Abstract 4141811: Determining the Accuracy of Sleep and Activity Patterns in Patients Undergoing Long-Term Ambulatory ECG Monitoring

Circulation, Volume 150, Issue Suppl_1, Page A4141811-A4141811, November 12, 2024. Background:Ambulatory ECG (AECG) enables heart rhythm monitoring during daily activities, with a focus on arrythmia detection. Detection and quantification of sleep and activity patterns during monitoring may provide insights into lifestyle and aid in contextualizing arrhythmia events.Aims:We developed an AI algorithm to classify sleep, activity, and inactivity periods using a novel AECG patch with embedded accelerometry. We assessed algorithm performance and compared it to FDA-cleared actigraphy and consumer devices, which have shown 93-99% sensitivity (SE) and 39-54% specificity (SP) in classifying sleep vs. polysomnography (PSG).Methods:We conducted a prospective study of 81 participants at 3 sites who wore the Zio®monitor AECG patch (iRhythm Technologies, San Francisco, CA) and Actigraph wGT3X (Pensacola, FL) simultaneously for 14 days. Sleep disordered breathing was excluded. Participants underwent a 6-minute walk test at the beginning of wear and in-clinic overnight PSG sleep testing at 7±3 days.Data were split into training (n=40) and validation (n=41) sets. Feature and model selection utilized five-fold cross-validation on the training set, focusing on total activity and body angle.
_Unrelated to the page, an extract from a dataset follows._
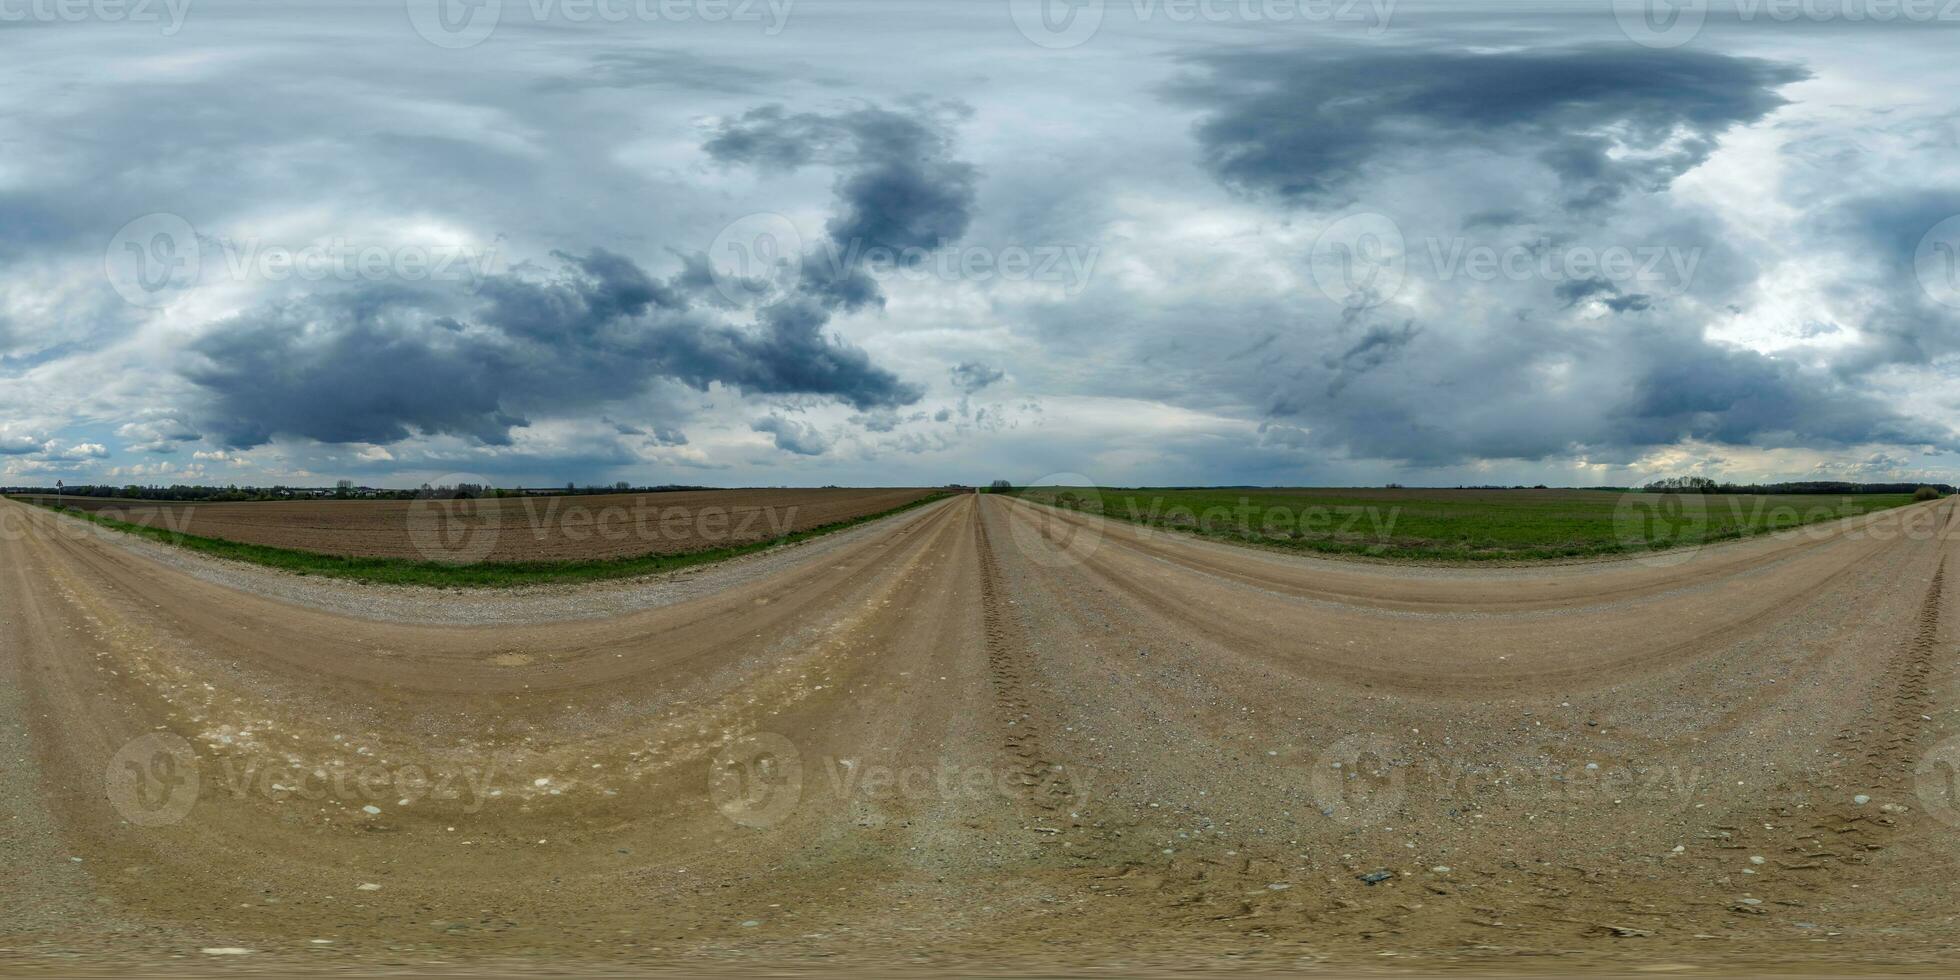 noche 360 hdri panorama en grava la carretera con nubes en nublado lluvia cielo antes de tormenta en equirrectangular esférico sin costura proyección, utilizar como cielo reemplazo en zumbido panorámicas, juego desarrollo foto

The final machine model was trained on selected features using the entire training set. In validation, SE and SP for sleep were assessed based on 1-minute epochs vs. PSG and also vs. a 24-hour reference (combined PSG and actigraphy-wake labeling). SE and SP for activity were assessed vs. actigraphy over 8 minutes sampled per subject (4min walk test, 4min PSG wake periods).Results:The study population was diverse (age 43±14 years, 57% female, 64% White, 25% Black, 20% Hispanic). In the validation set, average sleep and wake times were 5.9 and 1.2 hours, respectively, during PSG. SE and SP were 88.8% and 54.0%, respectively, in sleep detection vs. PSG, or 88.8% SE and 95.6% SP vs. the 24-hour reference (Table 1). SE and SP for activity detection were 97.0% and 100%, respectively.Conclusion:Assessment of sleep and activity during AECG is feasible, with performance comparable to FDA-cleared actigraphy. This feature offers insights into patient wellness patterns, highlighting its potential for personalized healthcare monitoring.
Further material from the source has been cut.